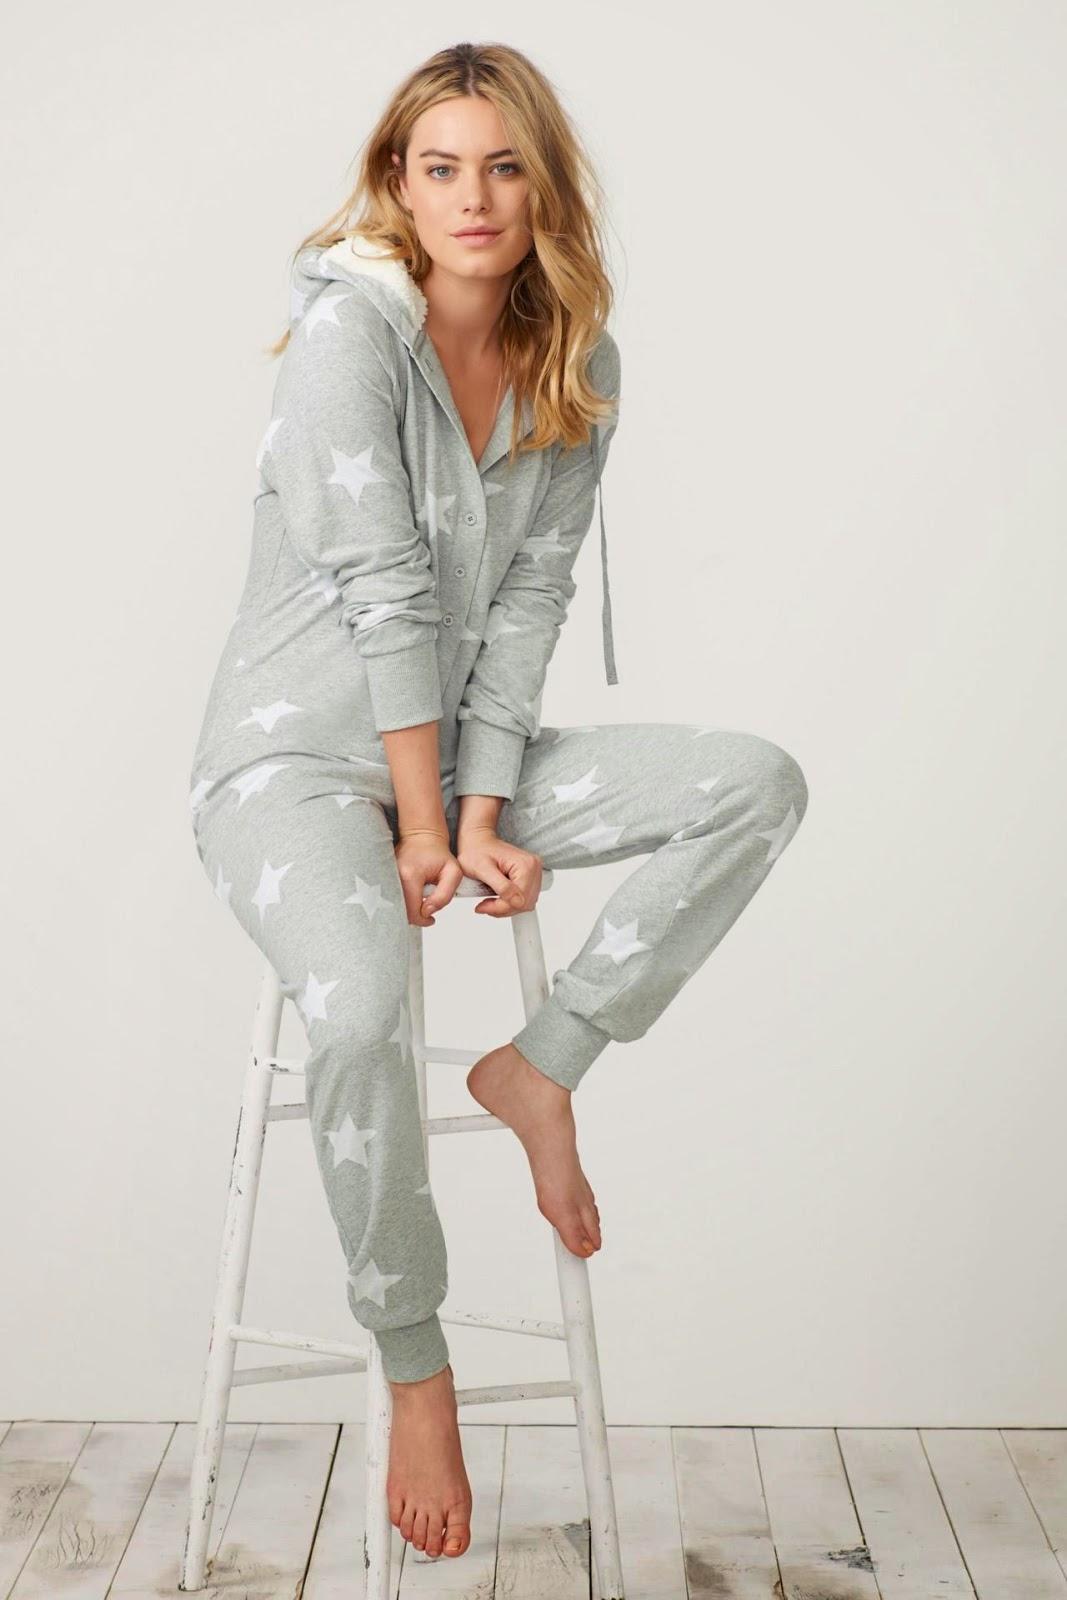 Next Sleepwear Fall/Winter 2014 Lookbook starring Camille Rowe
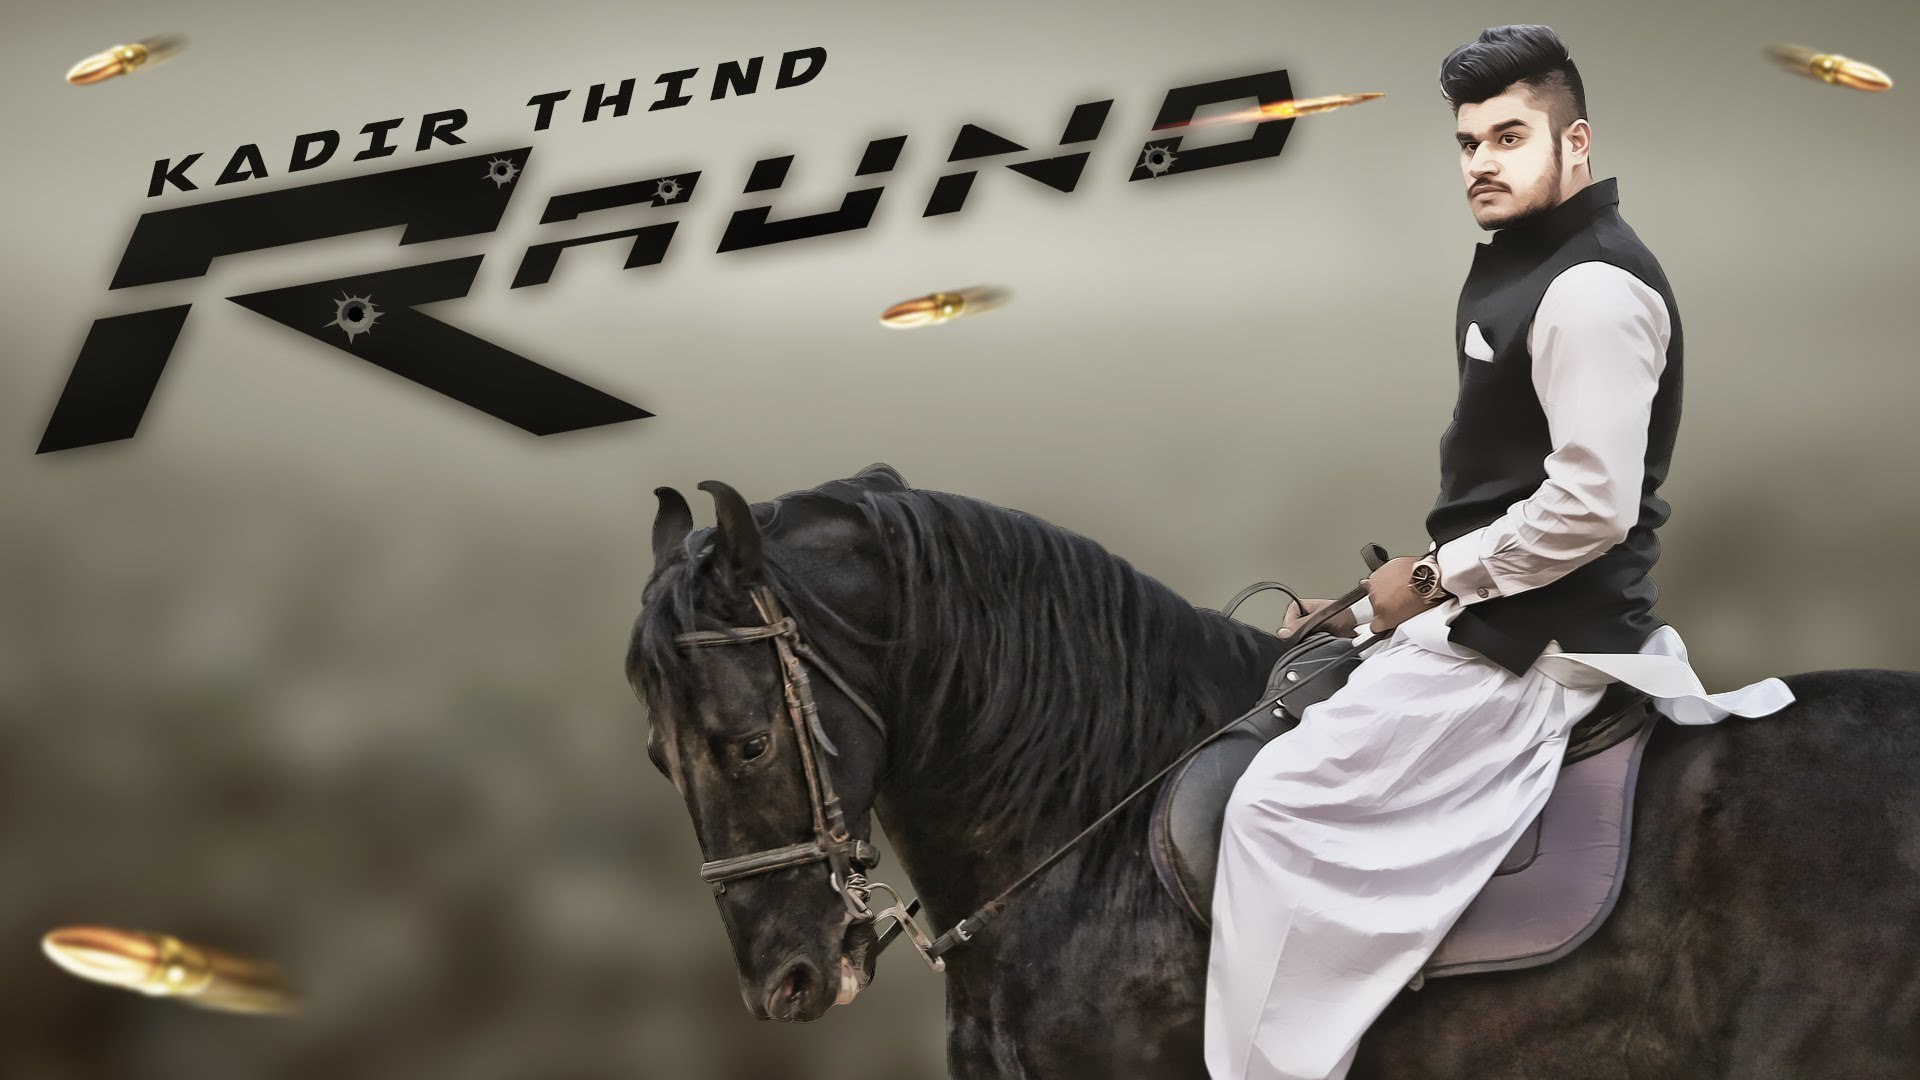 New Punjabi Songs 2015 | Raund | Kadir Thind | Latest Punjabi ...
##########
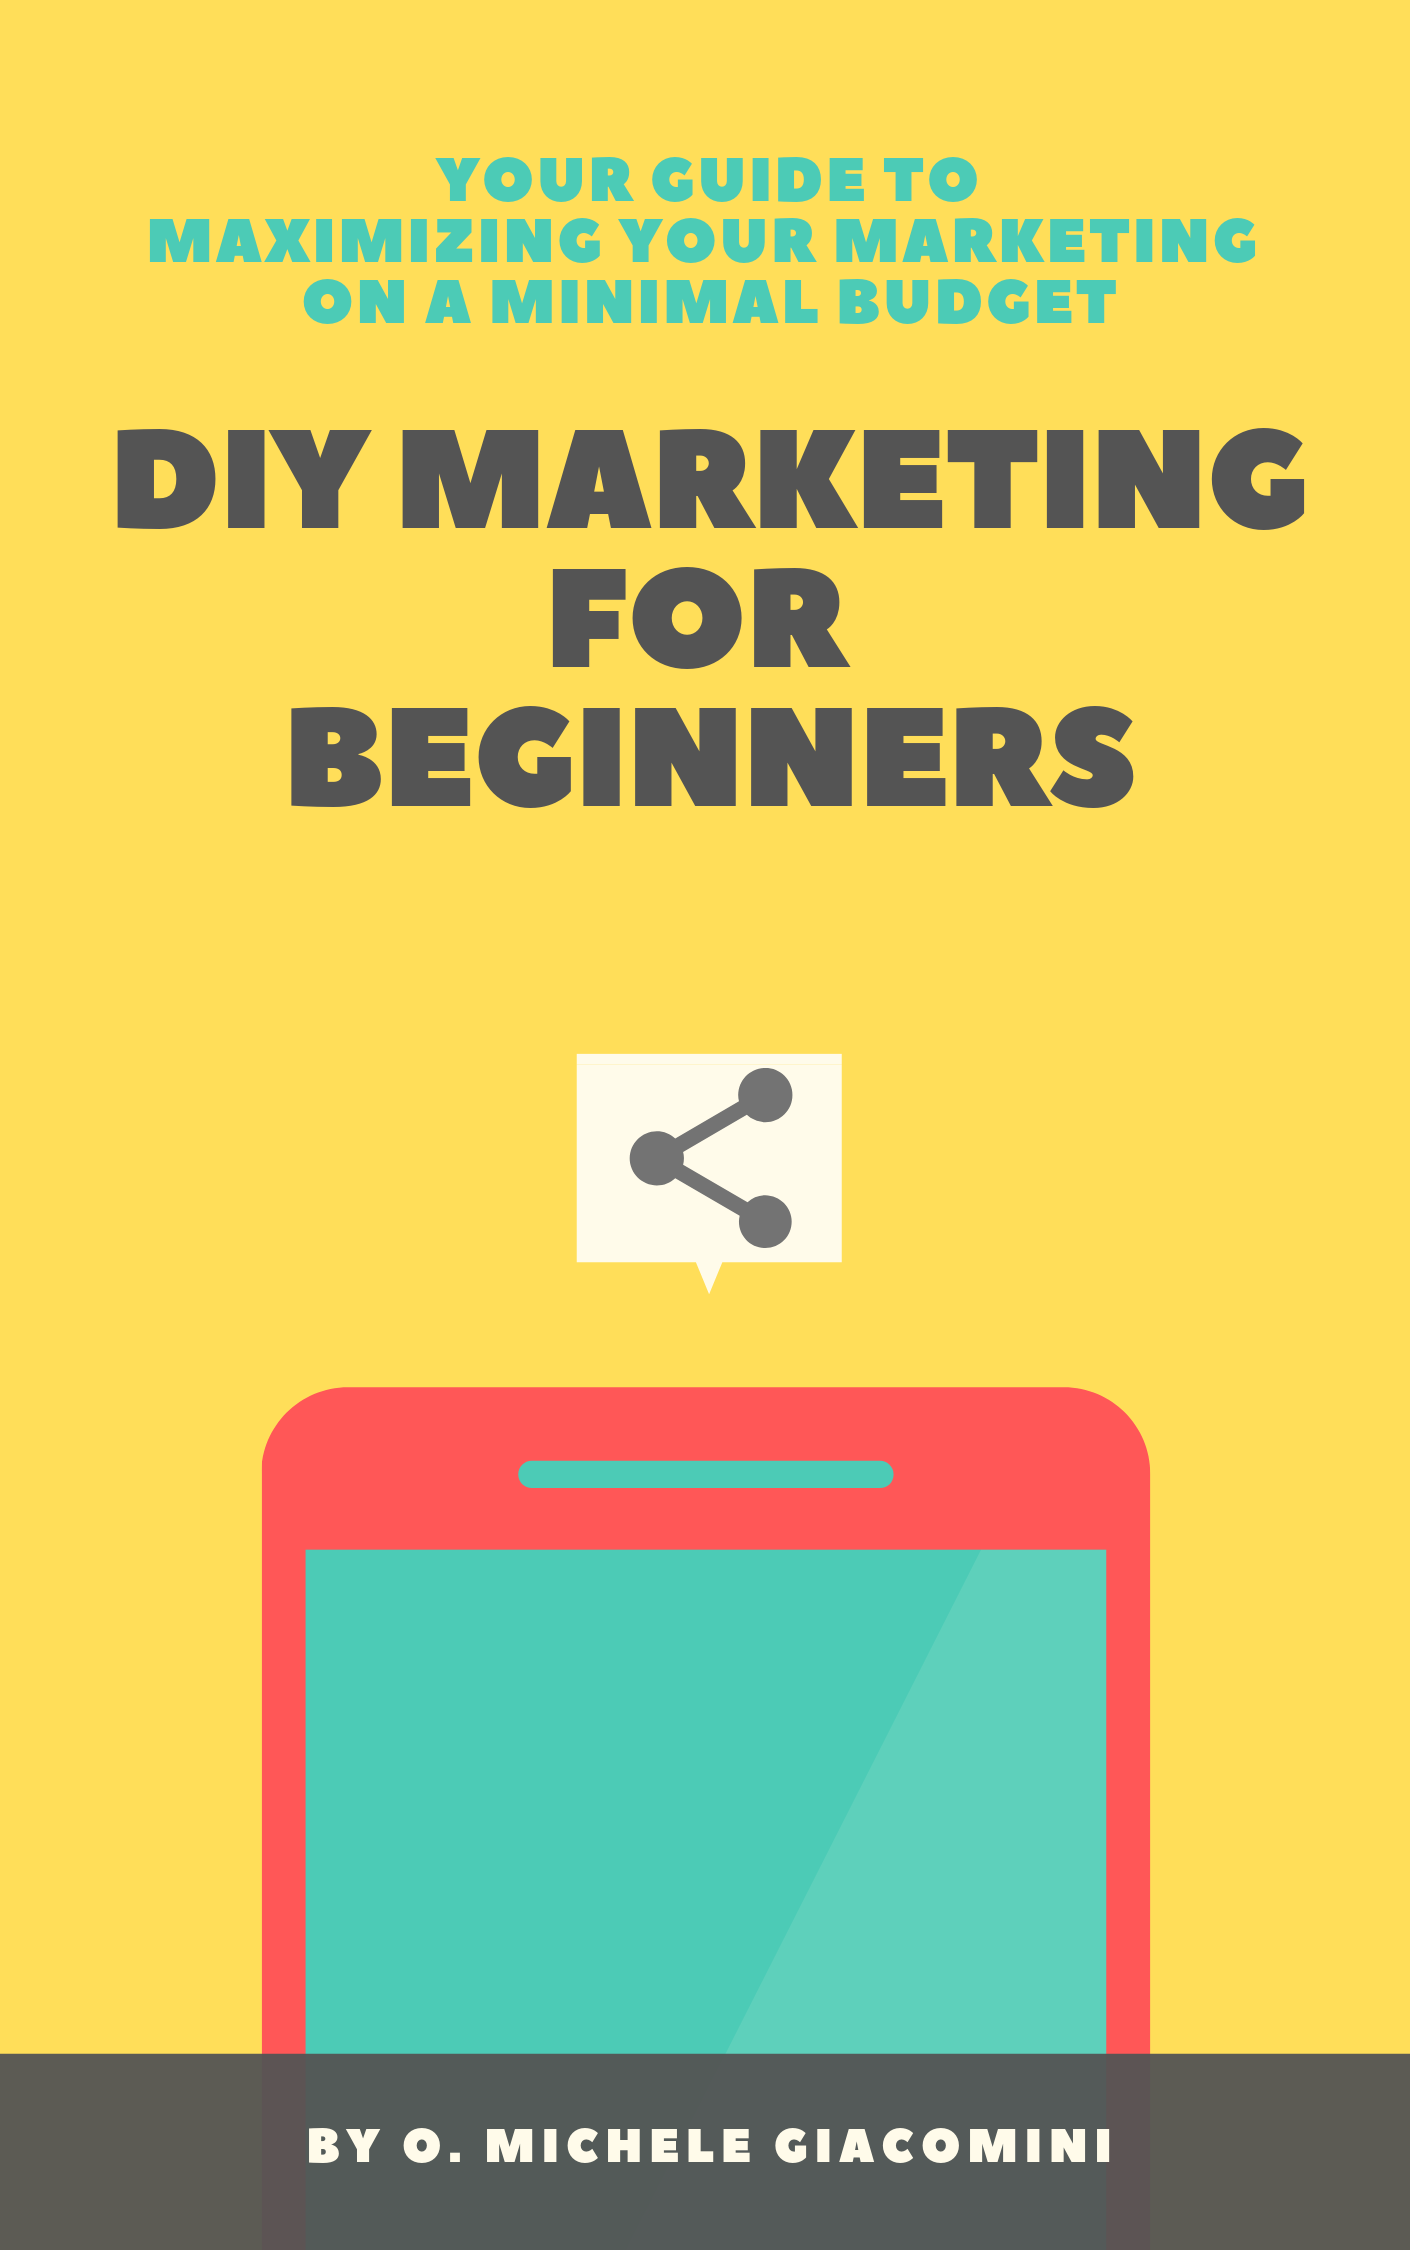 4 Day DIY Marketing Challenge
##########
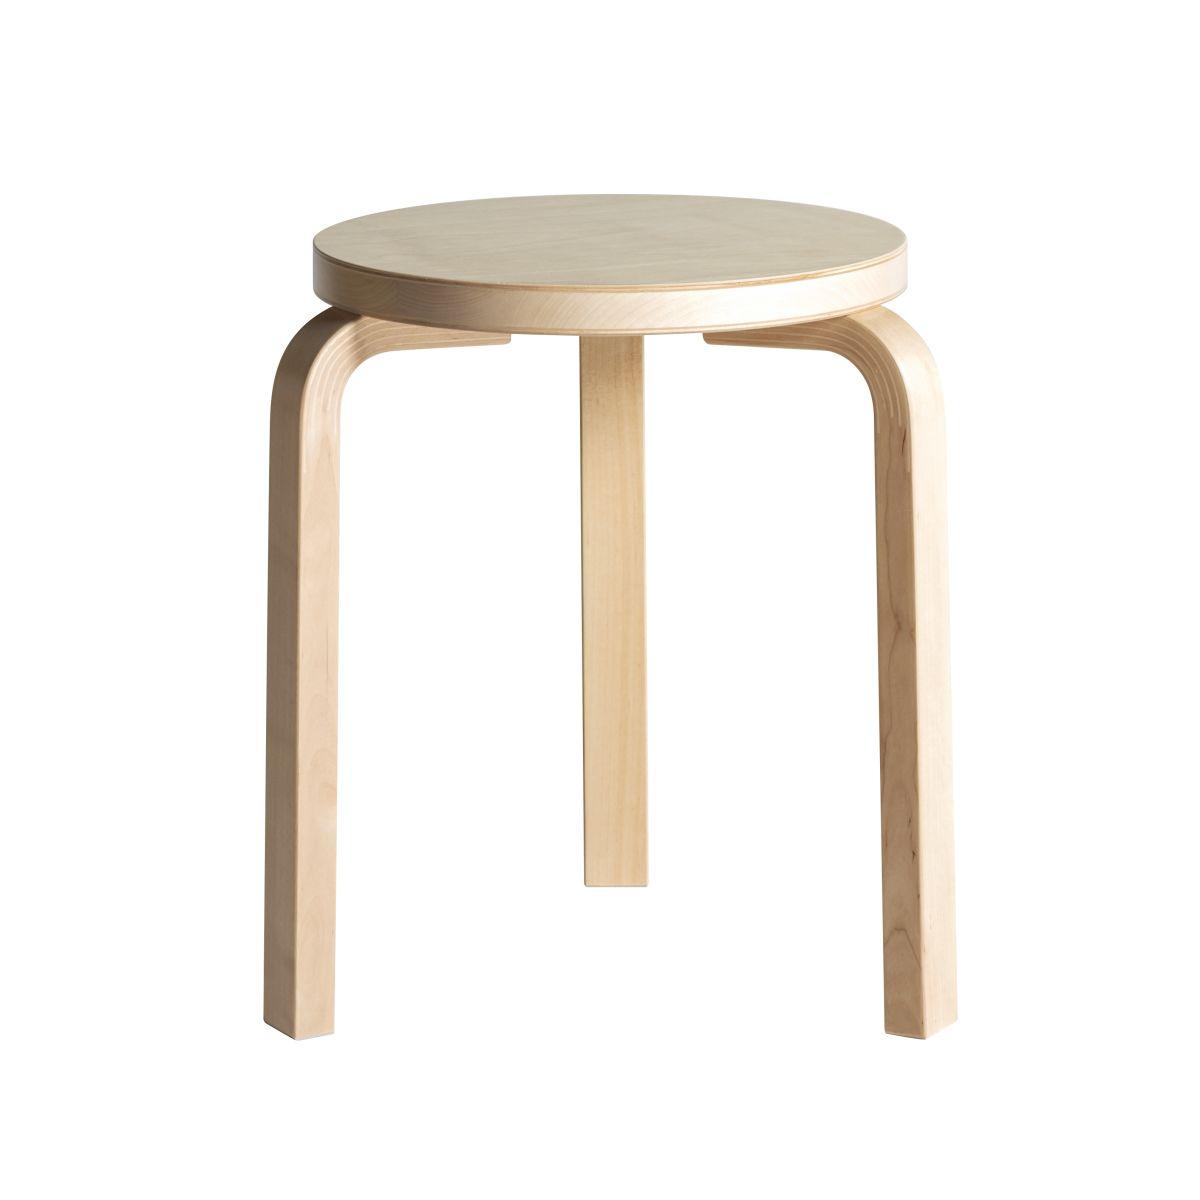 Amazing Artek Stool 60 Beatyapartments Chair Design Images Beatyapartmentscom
##########
__Aim of the task__.
Repeat exactly the lines above, from the line that contains "Next Sleepwear Fall/Winter" down through the line that contains "New Punjabi Songs". Include both of those lines and none of the pictures.

__Response to this exercise__.
 Next Sleepwear Fall/Winter 2014 Lookbook starring Camille Rowe
 New Punjabi Songs 2015 | Raund | Kadir Thind | Latest Punjabi ...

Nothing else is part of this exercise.